# Thinking Outside The Box



## Mitts & Tess (Sep 4, 2004)

I saw this advertisement on Cat Forum. Has anyone read this yet? Any thoughts on what it says and the success of it?


----------



## its.alice (Jun 15, 2011)

Off topic: Is it just me or does that book cover have a misspelled word? "LittLer"???


----------



## my5kitties (Sep 13, 2005)

its.alice said:


> Off topic: Is it just me or does that book cover have a misspelled word? "LittLer"???


Not just you... I see it, too.


----------



## Mitts & Tess (Sep 4, 2004)

Gosh I didn’t ever notice that. But I’m the world worst speller. Duh. I know everyone on the forum cringes at my postings with my spelling and punctuation.


----------



## my5kitties (Sep 13, 2005)

Mitts & Tess said:


> Gosh I didn’t ever notice that. But I’m the world worst speller. Duh. I know everyone on the forum cringes at my postings with my spelling and punctuation.

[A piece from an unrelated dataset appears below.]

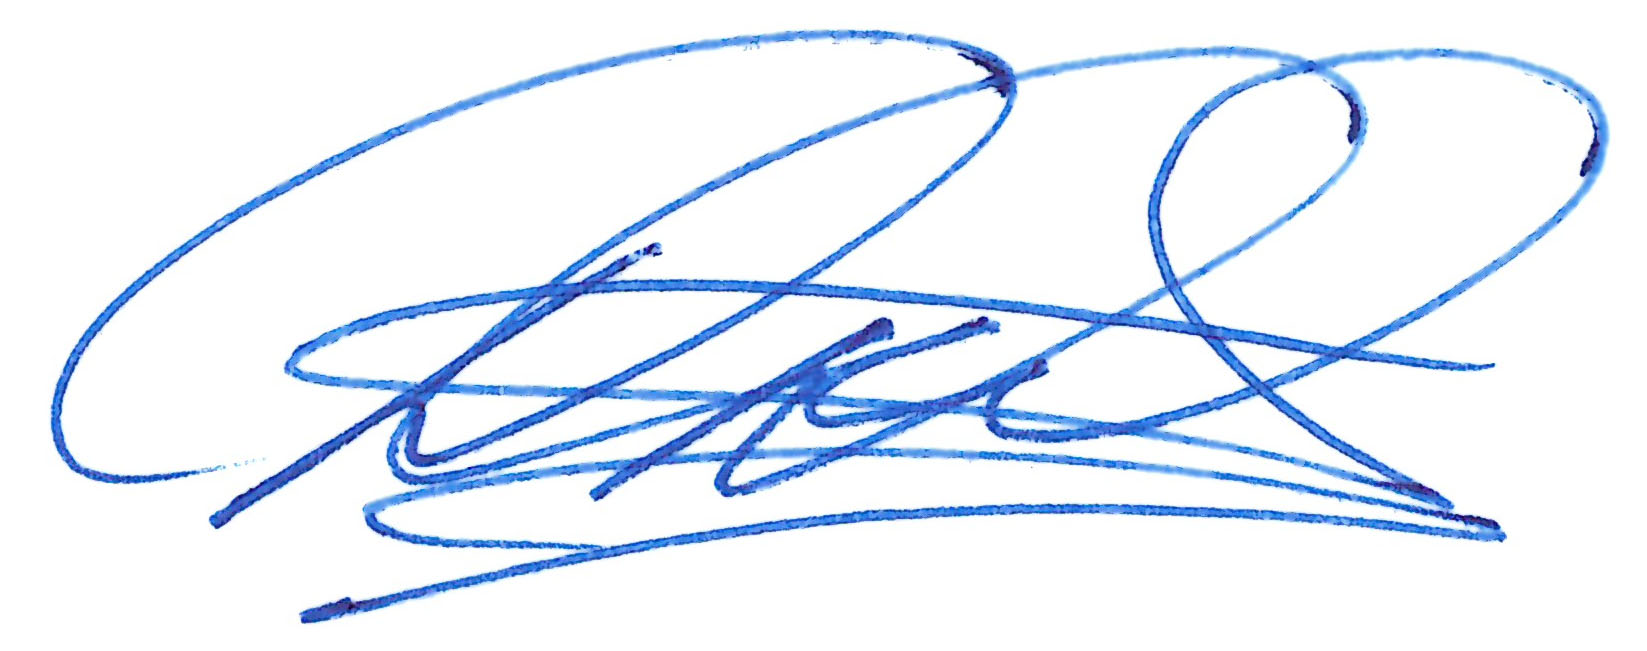 dd signature

I don't cringe. I cringe for other people's posts, but not yours.


----------



## Xanti (Nov 4, 2008)

Interesting, wonder if someone should drop them a line


----------



## MowMow (Nov 6, 2010)

my4kitties said:


> I don't cringe. I cringe for other people's posts, but not yours.


This.


----------



## marie73 (Jul 12, 2006)

^ Agreed. Rudeness, cruelty and stupidity make me cringe, I can live with bad spelling and grammar.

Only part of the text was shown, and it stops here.